**Exercise description:**
All pictures are to be omitted while the lines starting at the line with "Polyethylene Schutzhülle für" and ending at the line with "Lower Sugar Banana" in the material below are retyped exactly, both ends included.

**Supplied records:**

* * * * *

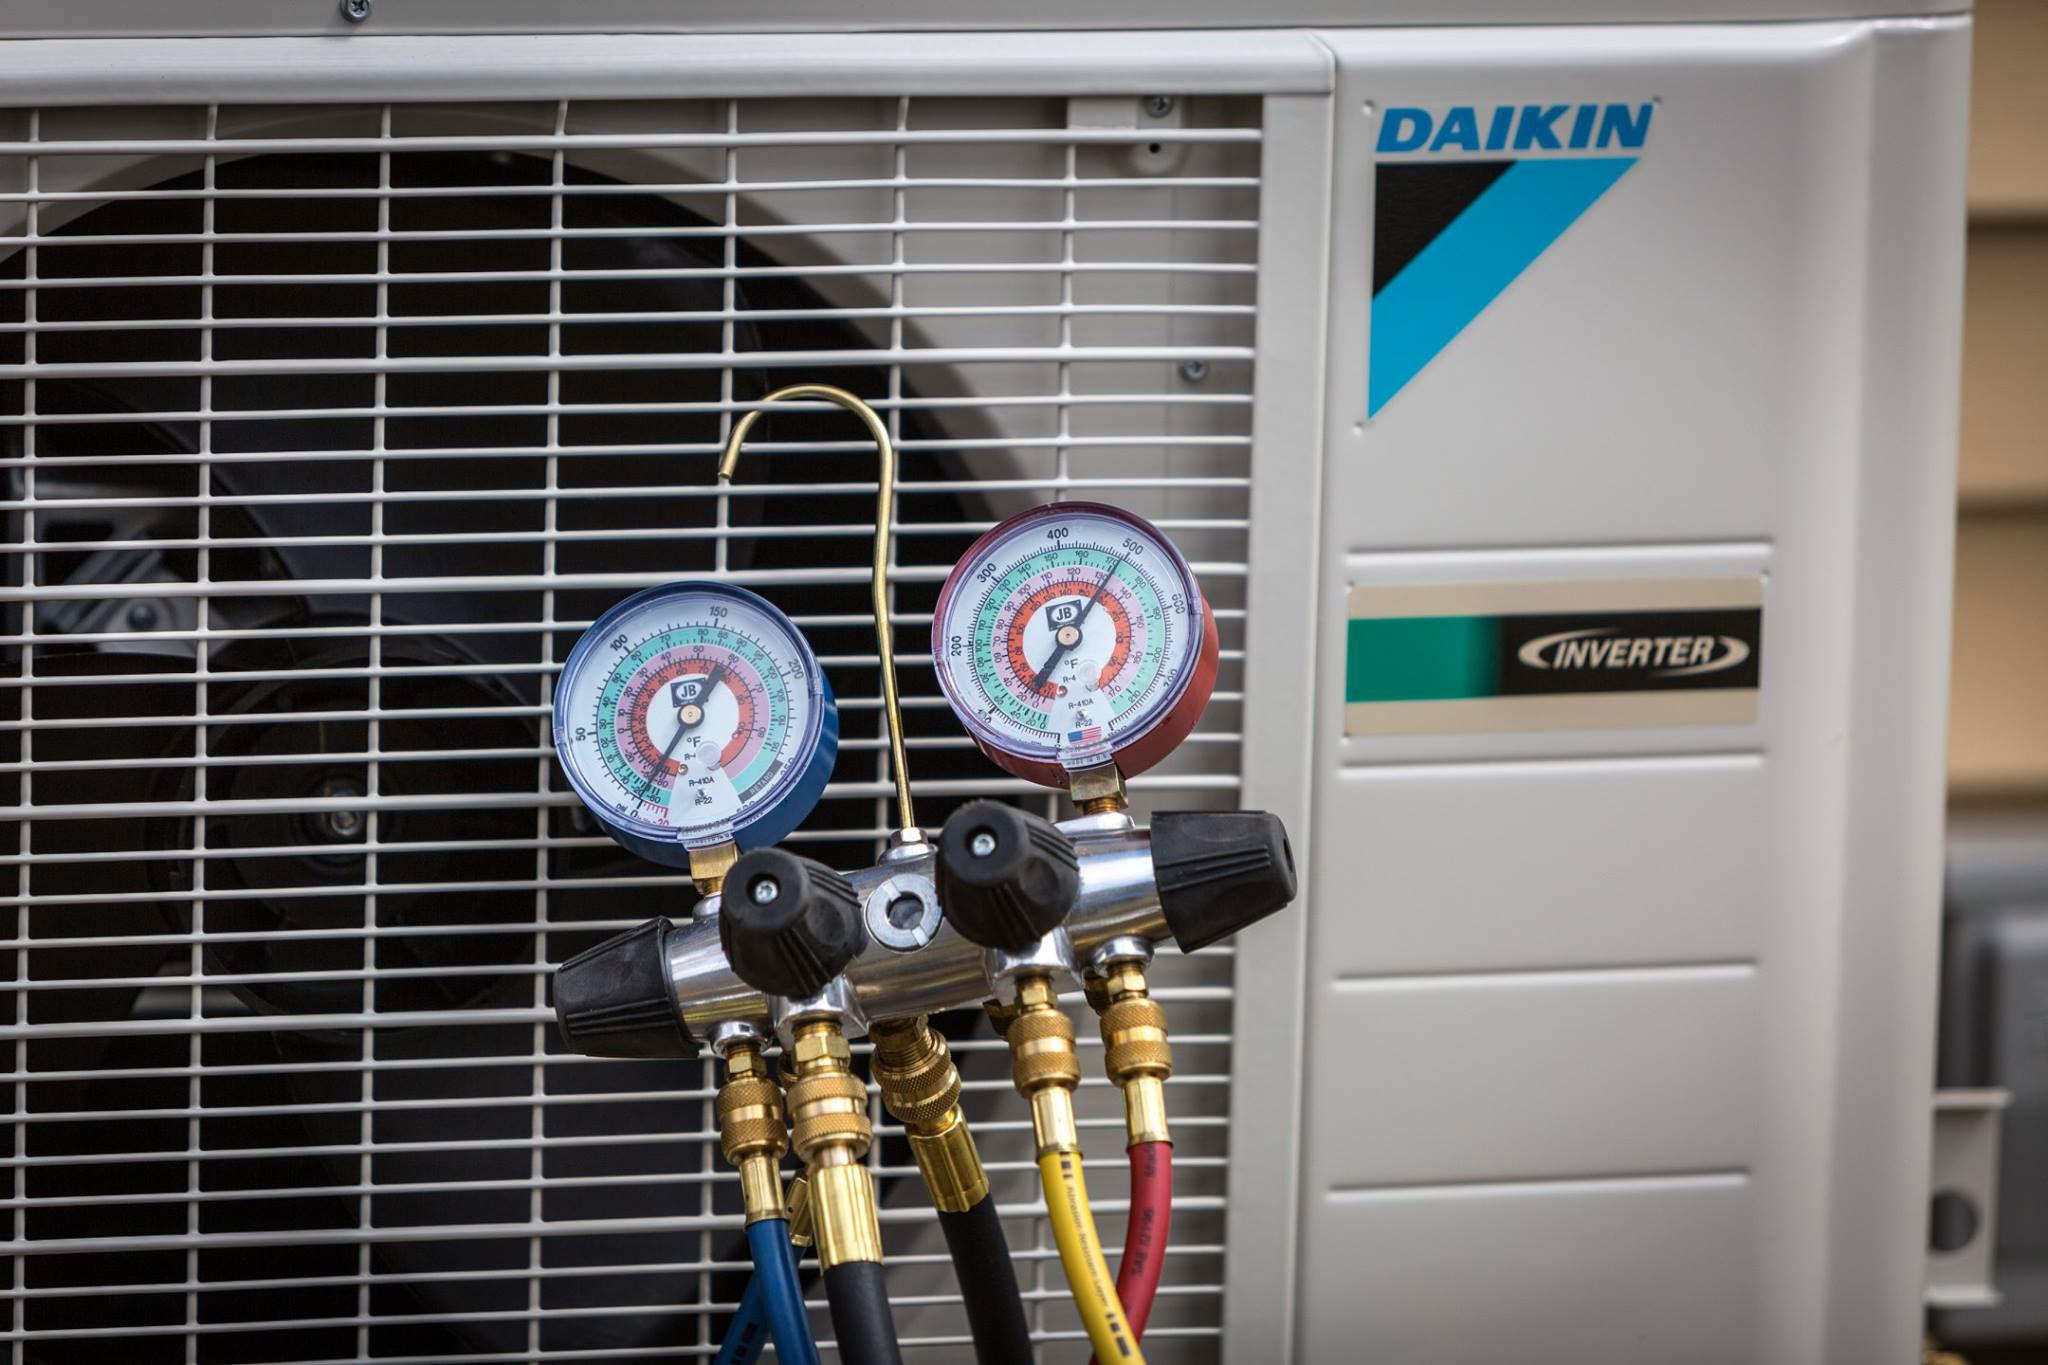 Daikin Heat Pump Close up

* * * * *

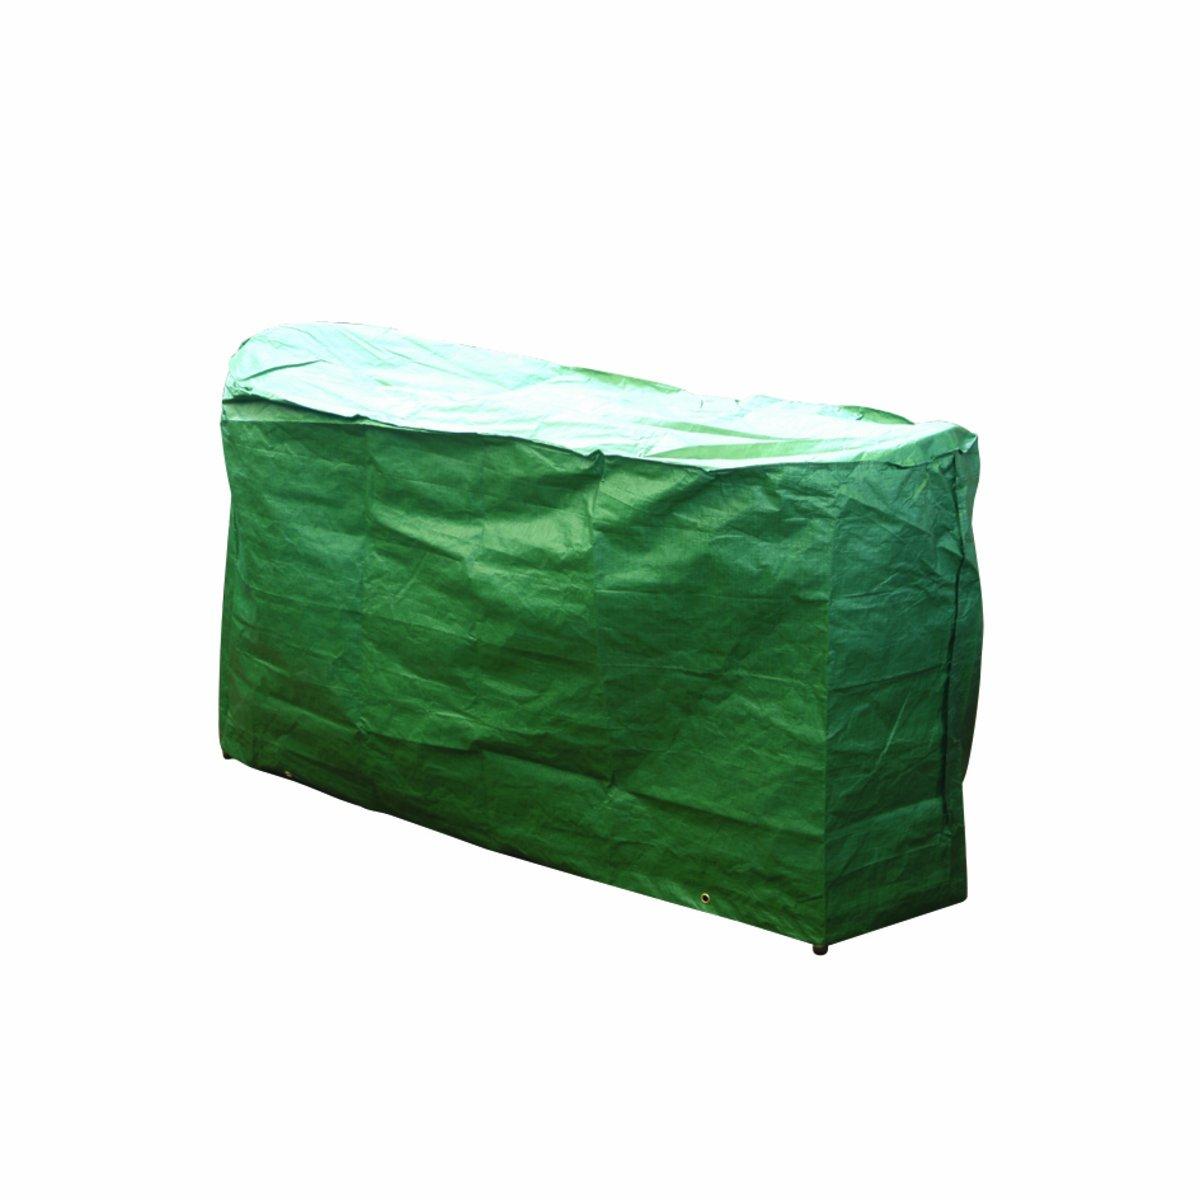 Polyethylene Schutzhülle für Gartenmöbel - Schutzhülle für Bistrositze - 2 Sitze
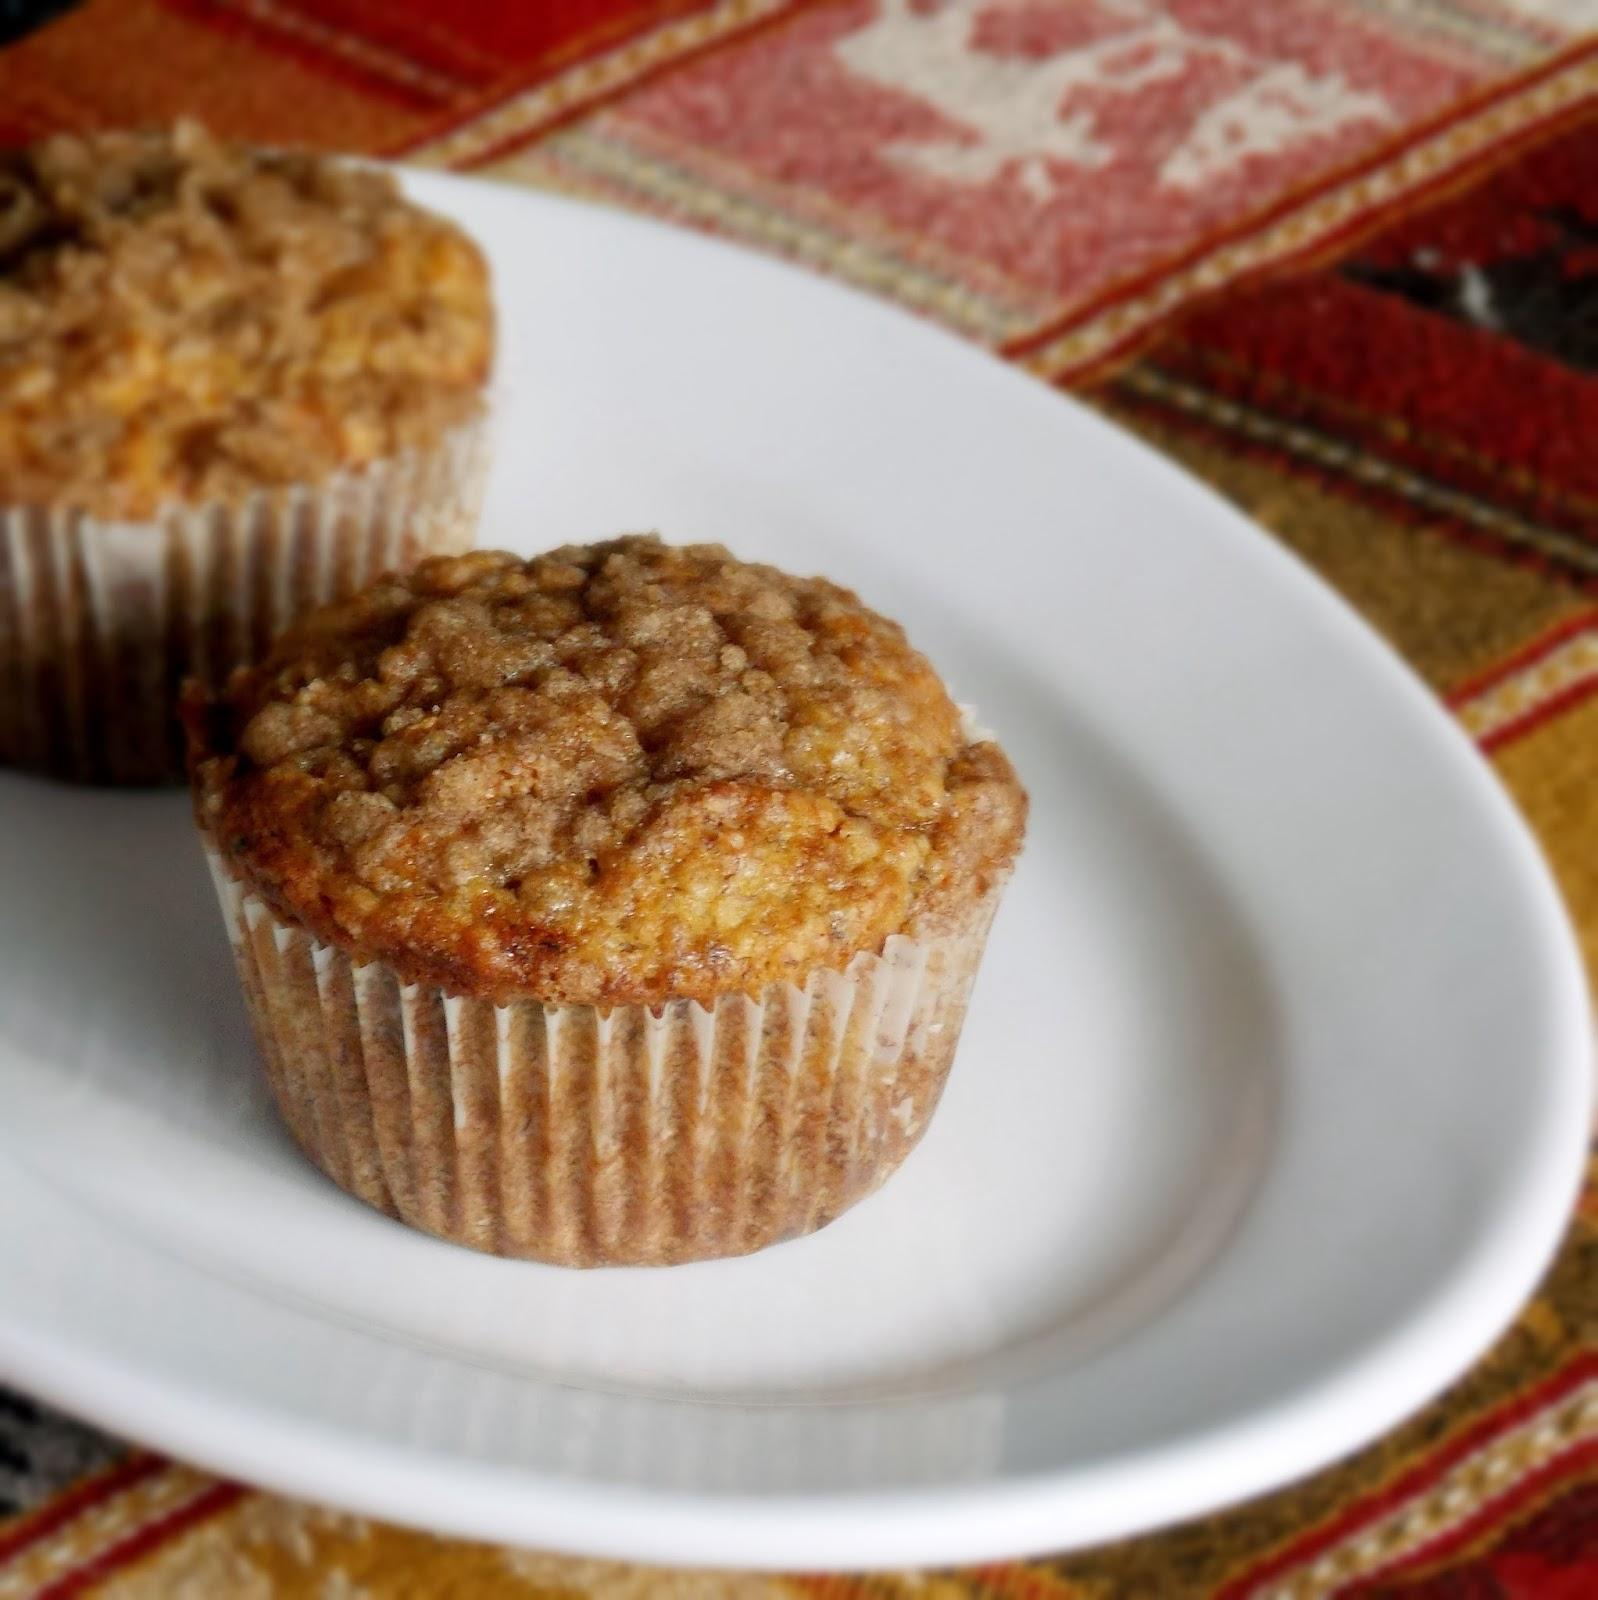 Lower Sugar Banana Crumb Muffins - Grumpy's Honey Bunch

* * * * *

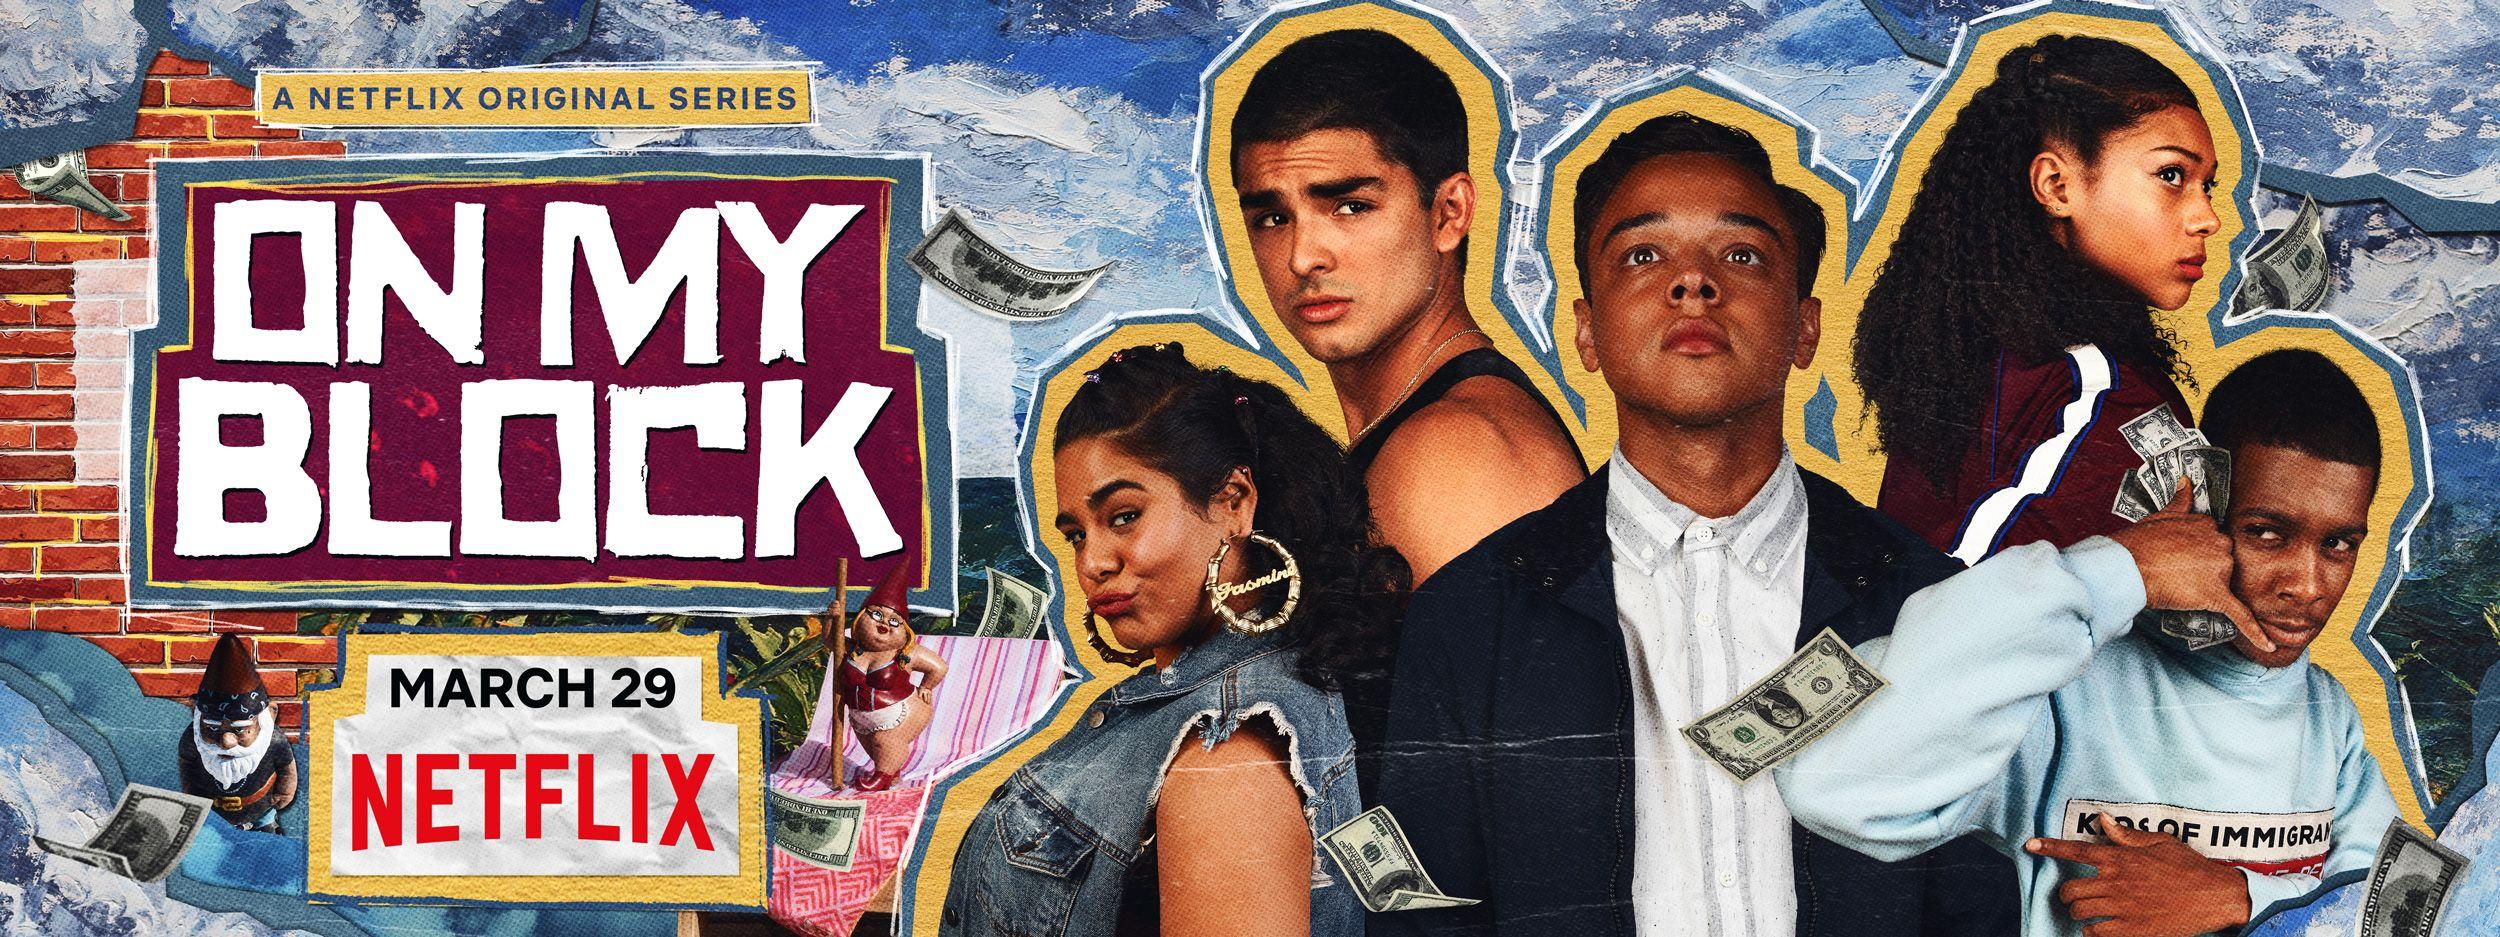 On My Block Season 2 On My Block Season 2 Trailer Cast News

* * * * *

**Solution below:**
 Polyethylene Schutzhülle für Gartenmöbel - Schutzhülle für Bistrositze - 2 Sitze
 Lower Sugar Banana Crumb Muffins - Grumpy's Honey Bunch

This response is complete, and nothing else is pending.